Софа остановилась и тяжело задышала, хватаясь за бок и грудь. Я направился к ней. Она посмотрела на меня.
— Ты видел?
— Видел. Давай, пойдём тихонечко, после бега резко останавливаться нельзя.
— Я ему порчу на понос нашлю, — бурчала девушка, стянув с себя фартук и кинув его на землю. Пнула. — Ай!
— Что такое? — перепугался я.
— Нога… ай-ай-ай, мамочки! — она резко осела на землю.
— Я же говорил, тебе бегать ближайшее время нельзя!
— Больно, — хныкала Софит.
Я опустился и стал пальпировать колено.
— Гм. Всё целое. Ноет?
— Ноет. Очень сильно.
— Давай подняться попробуем? Аккуратненько, давай.
Скуля и попискивая, Софа встала, хватаясь за меня. После первых десяти шагов она остановила меня и стала пытаться отдышаться. Щёчки покраснели, лоб был влажный.
— Совсем тяжело?
— Да.
— Тогда давай так.
Я подхватил её на руки, стараясь не трогать больную ногу.

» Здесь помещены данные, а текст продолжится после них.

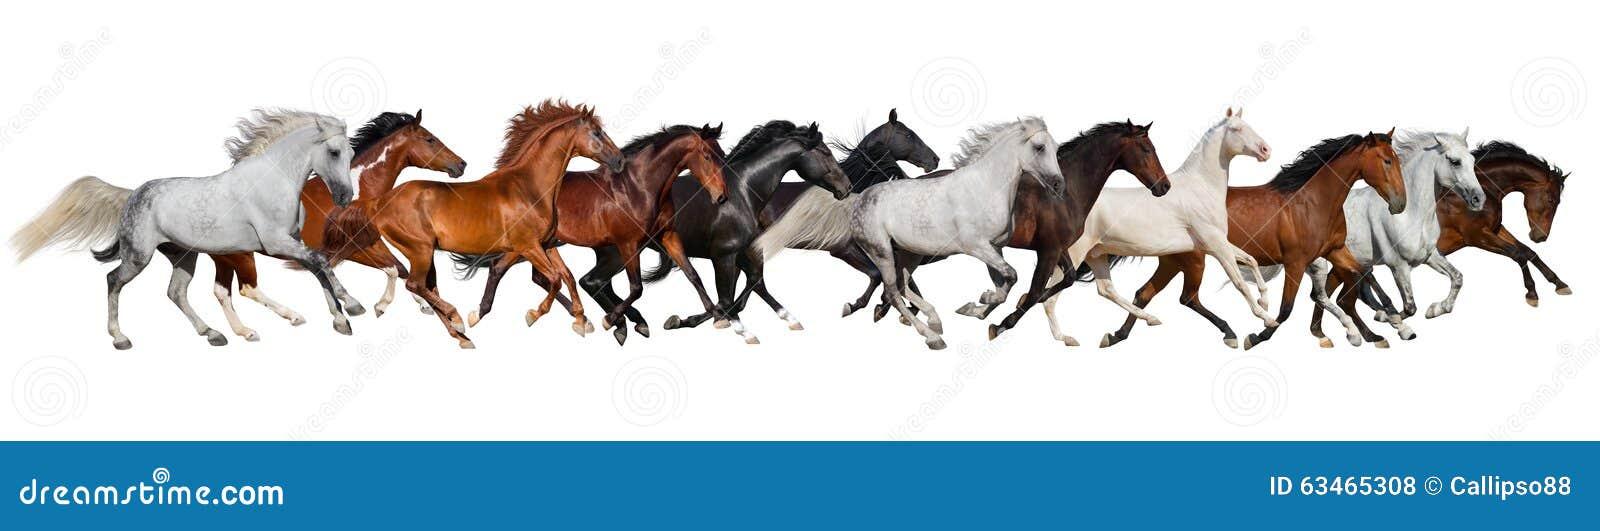 Manada del caballo aislada
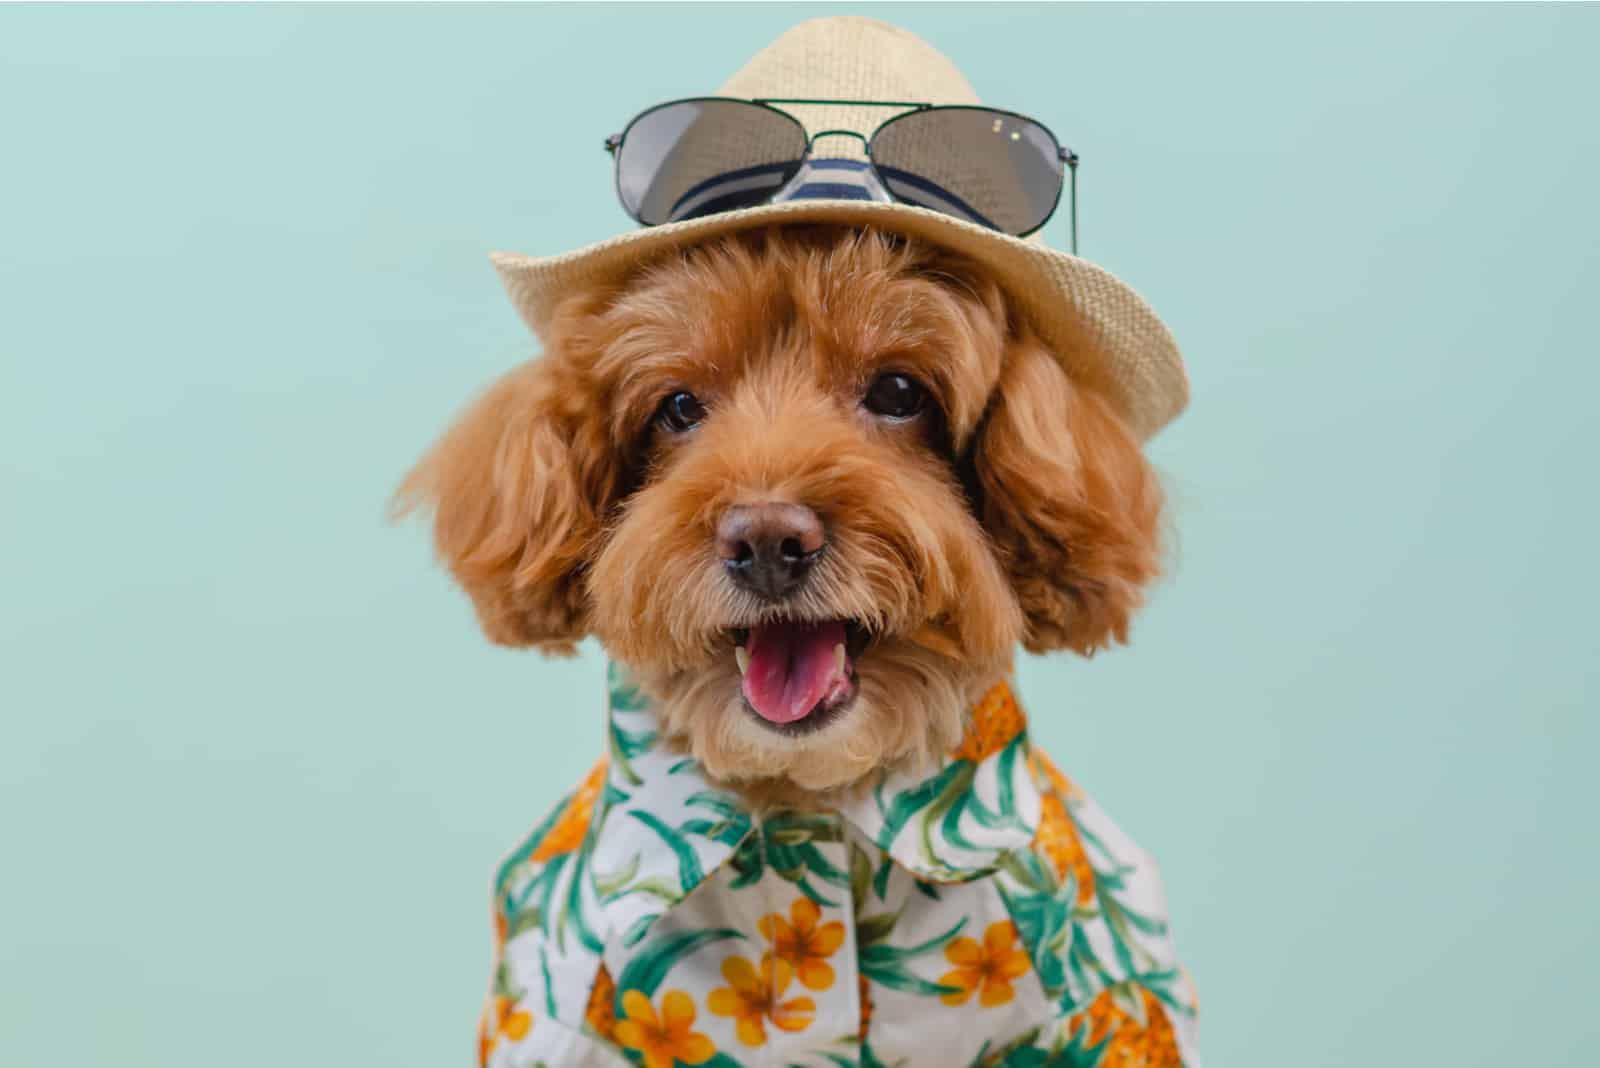 cute dog in a hawaiian shirt

— Стой! Стой, куда?! У тебя же живот болит, спусти меня!
— Я держу тебя выше ожога, так что пока нормально. — сказал я, шагая в сторону дома.
— Я тяжёлая, а ты сам говорил, что тебе тоже больно!
— Донесу. Не дёргайся, дома я получше осмотрю твою ногу, и не напрягай её сейчас. Чем быстрее мы вернёмся, тем быстрее я тебя спущу.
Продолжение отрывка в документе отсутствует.